Welcome to our website, which I hope will provide you with a much improved understanding of the health and sustainability of our toothfish stocks, along with a greater appreciation of the history of our unique fisheries in the Southern Ocean, and around the Antarctic continent.
Toothfish fisheries today provide a powerful example of how well effective collaboration and co-operation can work between legal industry, conservation groups, national governments, and an international conservation commission, CCAMLR. This unique co-operation resulted in better fisheries resources management, virtual elimination of IUU fishing for toothfish, and significant benefits to ecologically related species. Few people recognise that seabird mitigation measures from toothfish fisheries have become the global example for other industries to minimise and avoid seabird interactions. That’s because our toothfish management explicitly takes into account not just the fish, but the ecosystems they live in, and other species they are linked with. This is evident as there are now multiple toothfish fisheries that are certified as sustainable and well managed fisheries by the Marine Stewardship Council.

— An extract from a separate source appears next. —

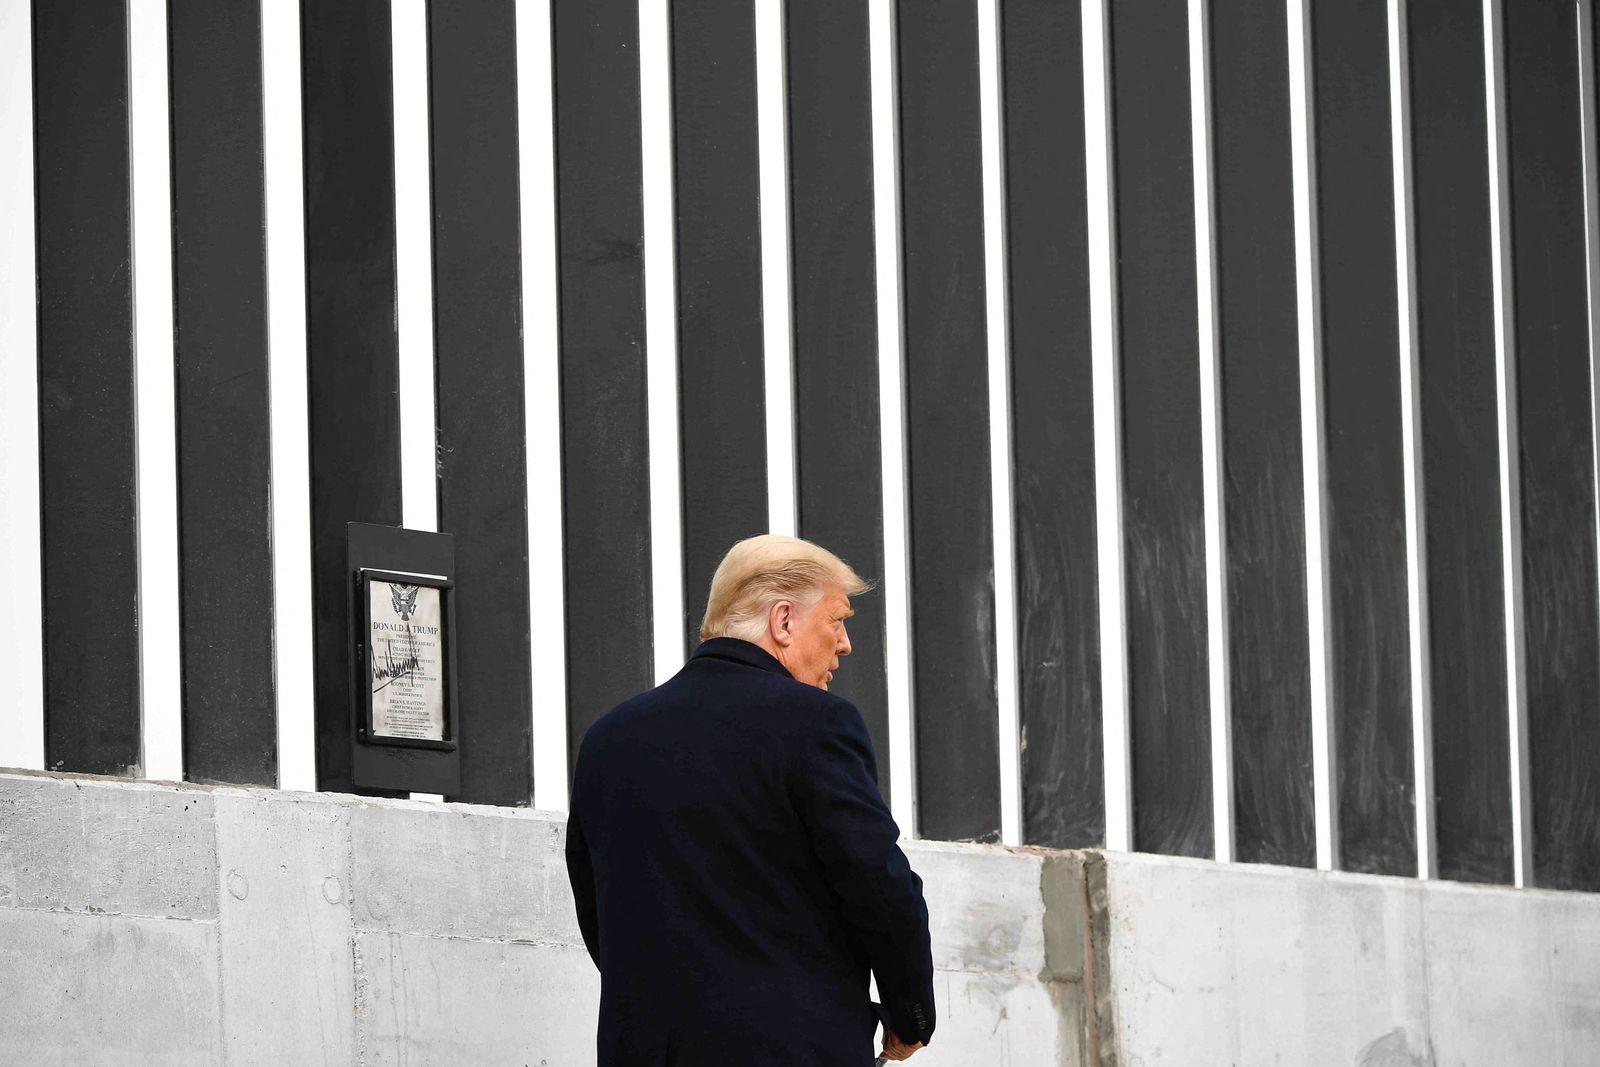 FILES-US-POLITICS-IMMIGRATION-TRUMP

COLTO was founded by legal industry members to eliminate IUU fishing for toothfish. The results are a success story of collaboration yet to be told. At that time, estimates of IUU catches were double the legal catches of toothfish – mainly being illegally taken from within national EEZs. Through the combined efforts of CCAMLR, Flag States, Port States, conservation NGOs and industry, those levels of IUU fishing inside national EEZs have been virtually zero since 2005. The remaining IUU catches of toothfish are at low levels and occur on the high seas, away from legal fisheries, and outside the jurisdiction of Member nations of CCAMLR.
We also continue to work within the rigorous catch documentation and compliance requirements developed in CCAMLR that our major markets require (eg. Europe, USA, Japan and China). Those requirements ensure that you, the public, can be assured you’re eating only legally caught toothfish, from sustainably managed fisheries.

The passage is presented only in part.